Enriched Afghanistan War Diary Topic Map
This page is a duplicate of blog writing at Wandora Forum.
Thomas Efer of Topic Maps Labs has released a topic map named Afghanistan War Diary - 2004. Topic map is based on Wikileaked documents and contains 2000 war reports from Afghanistan war. Reports are stored in topic map as unstructured text. The topic map is available at Topic Maps Labs' topic map repository, Maiana. Lutz Maicher announced the release of the AWD topic map at TopicMapMail email list. The announcement evoked an interesting discussion related to the quality of the topic map. The discussion inspired me trying to enhance the AWD topic map using Wandora's extractors. Wandora has several extractors that distill entities and keywords out of unstructured text. I selected extractors
And applied each extractor, one by one, to all summary occurrences of report topics. Summary occurrence contains textual representation of the military event the report talks about.

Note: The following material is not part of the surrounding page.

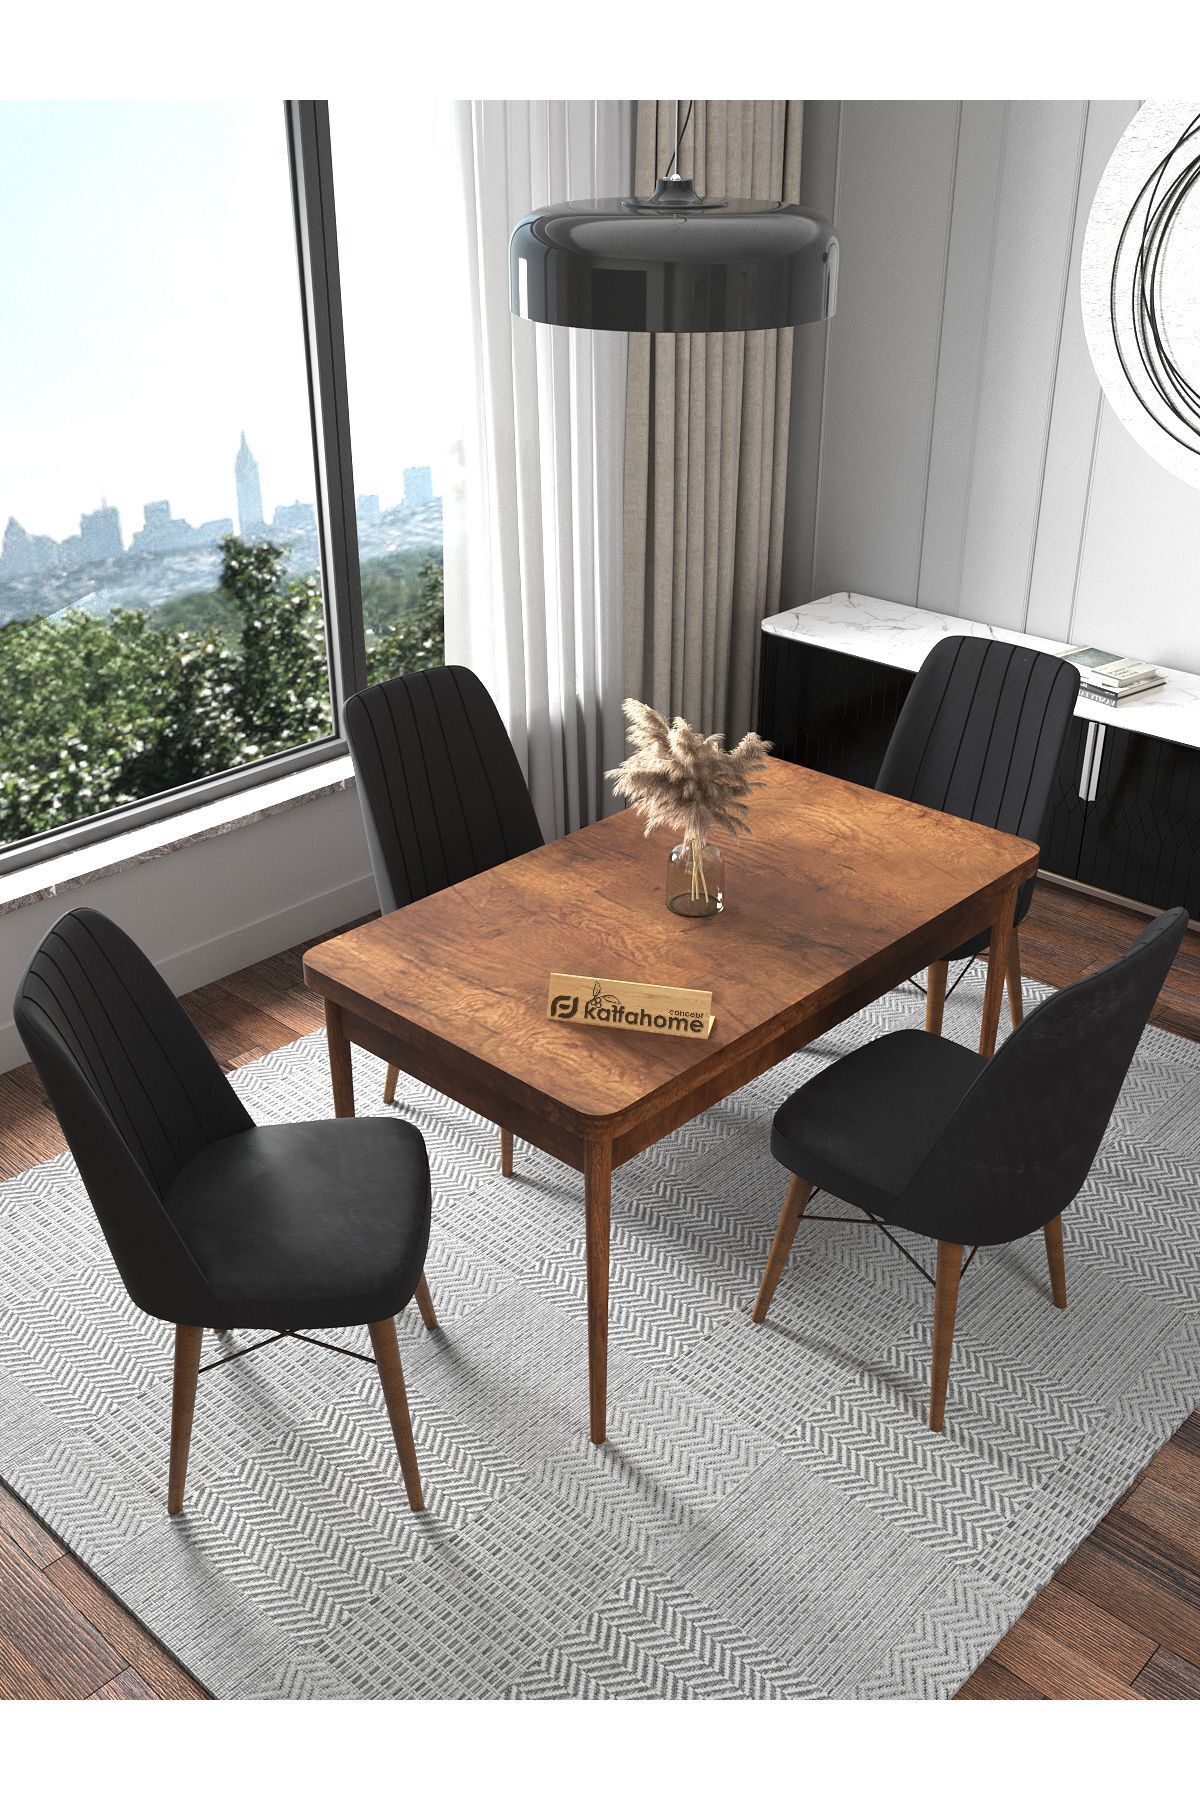 Kaffahome Fixed Serisi Barok 70x110 Sabit Yemek Masası , Yemek Masa Takımı 4 Siyah Sandalye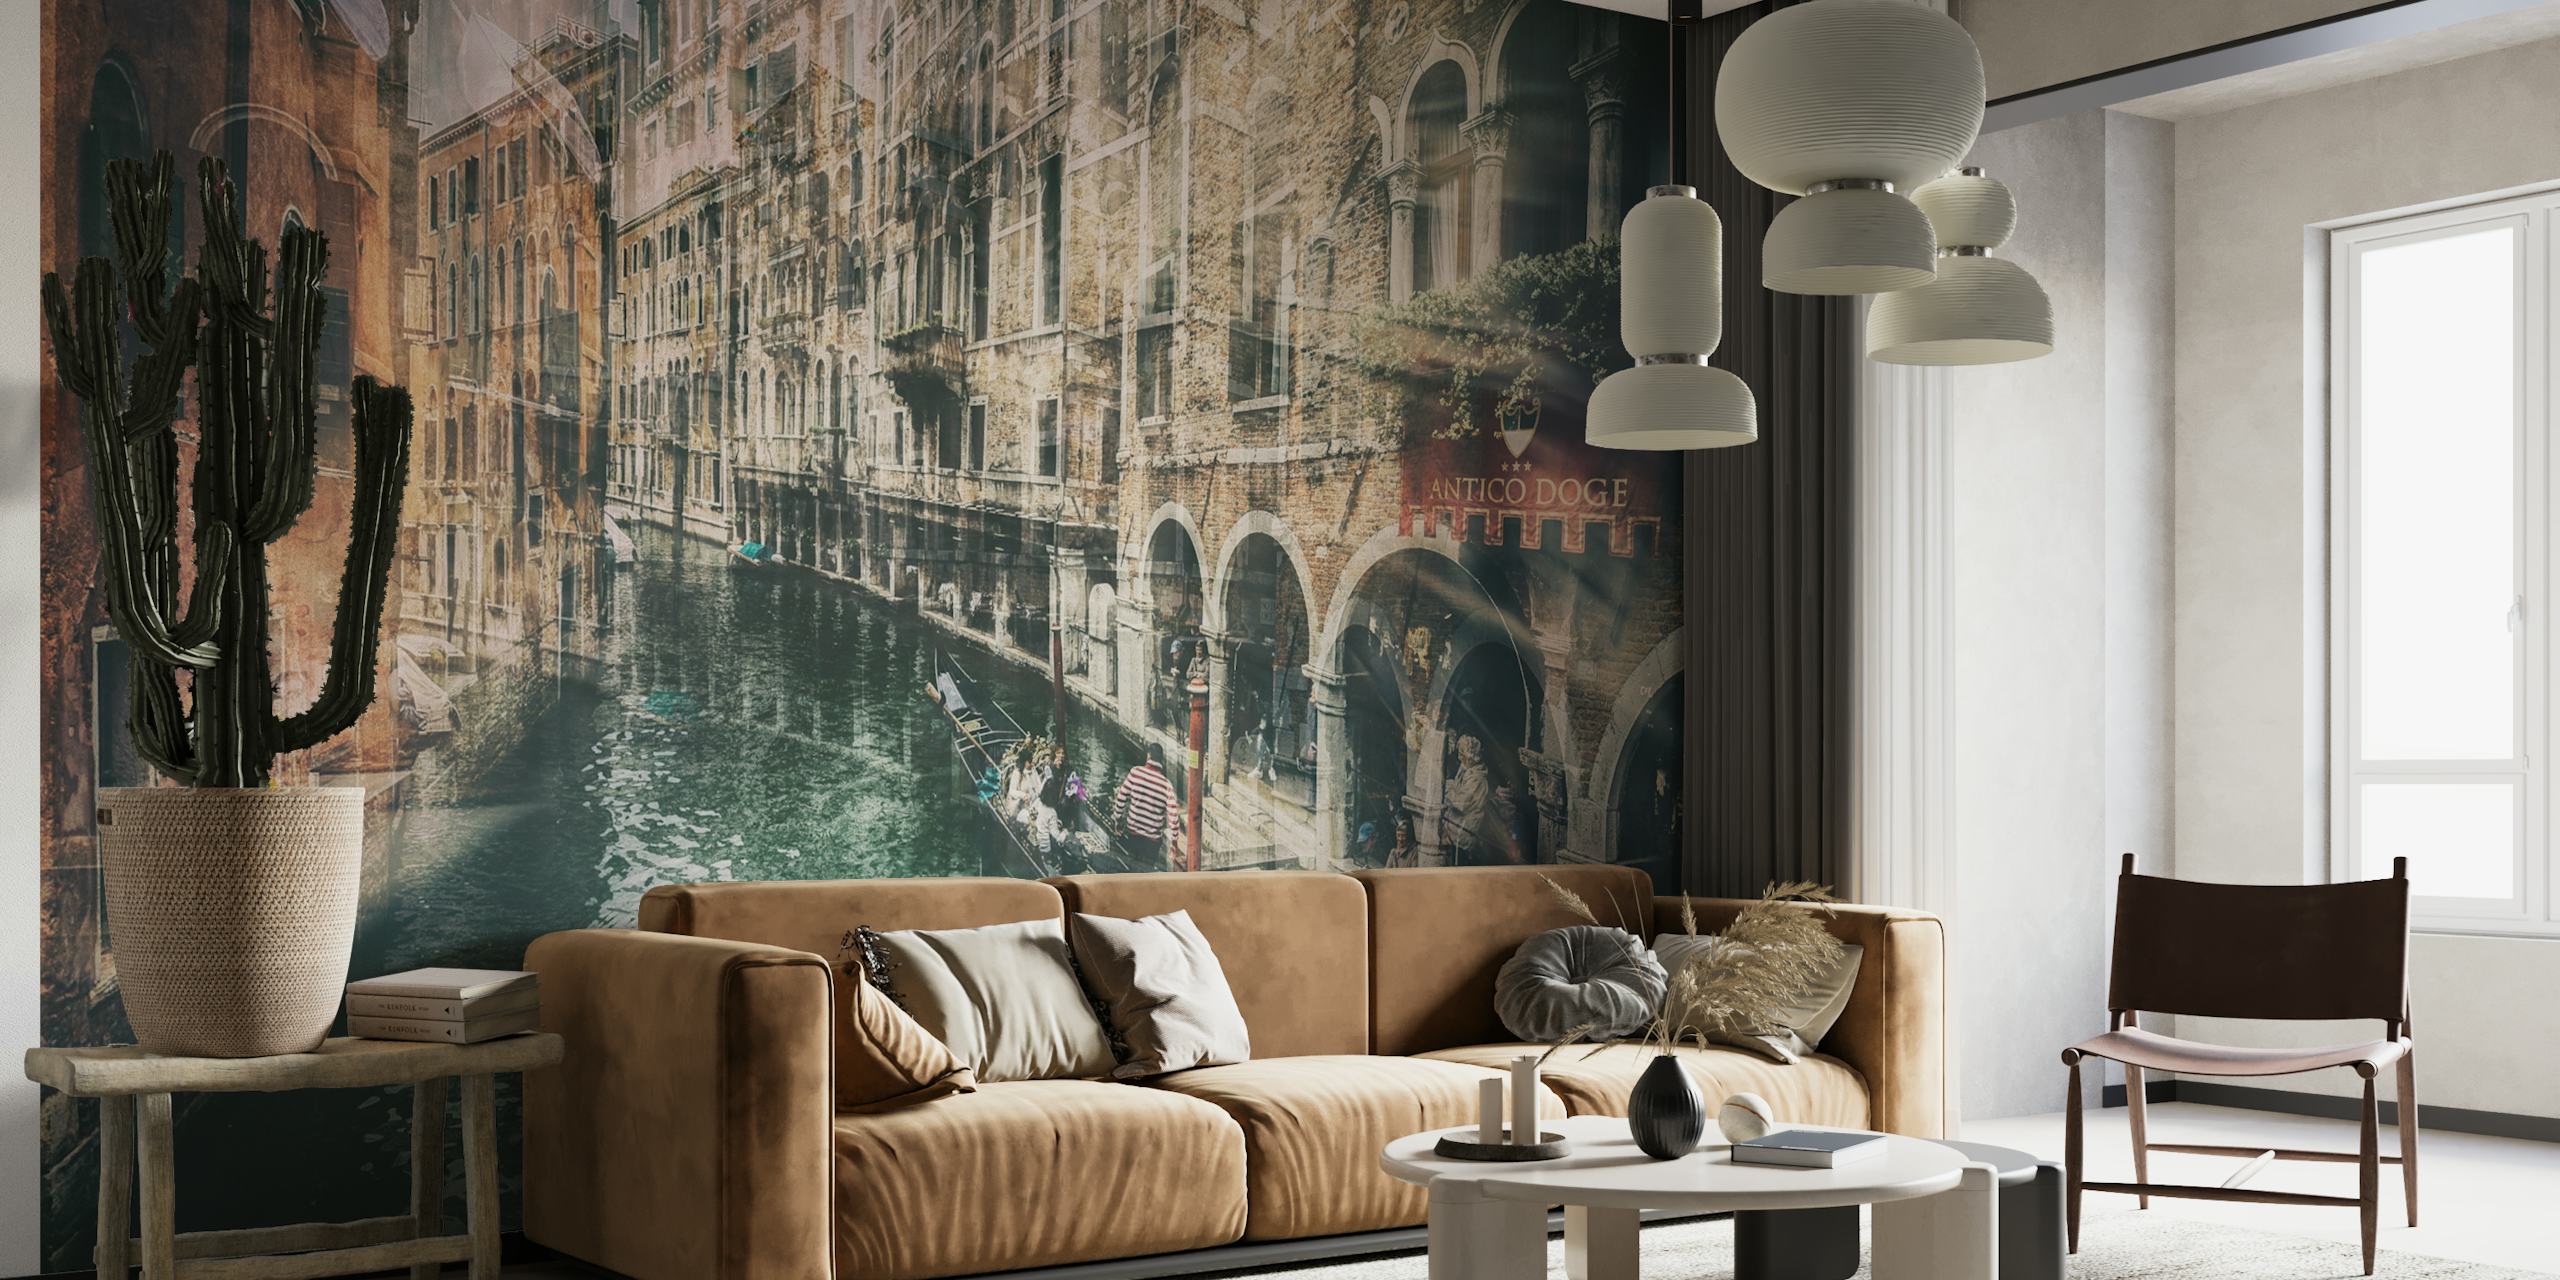 Vintage-tyylinen seinämaalaus, joka kuvaa venetsialaista kanavaa ja historiallista arkkitehtuuria

Applying the extractor to occurrences generated more topics and associations. Extractors' outputs were stored to separate topic maps. As a result I got 4 different information packages, one for each extractor. All resulting topic maps and the original topic map were zipped and this zip package is available here. In practice anyone can merge any of the generated topic maps with the original Afghanistan War Diary - 2004 topic map and see extracted topics interleaving with the original topics. As the original summary occurrence is available, anyone can evaluate if the extracted topics and associations really describe the report. To summarize results:
- Yahoo term extractor found 3563 term topics (15092 associations).
- OpenCalais found 1749 tags (3455 associations) in 18 tag classes and 25 topic categories (1317 associations).
- Alchemy entity extractor found 424 entities (1285 associations).
- Alchemy keyword extractor found 9054 keywords (14684 associations).
Although the technical implementation of the experiment was easy, I am not really sure about the quality of automatic classifications provided by Calais, Alchemy and Yahoo. It is clear that the source material, reports of military actions, is very challenging due to military specific expressions, terms, and acronyms, and it looks like all classifiers have made false interpretations. It would be very interesting if someone would like to evaluate the overall quality of generated topic maps and point out typical error classes.
In any case, I hope this demonstration clearly shows a simple topic map storing merely occurrence data is not necessarily a dead end but a good start.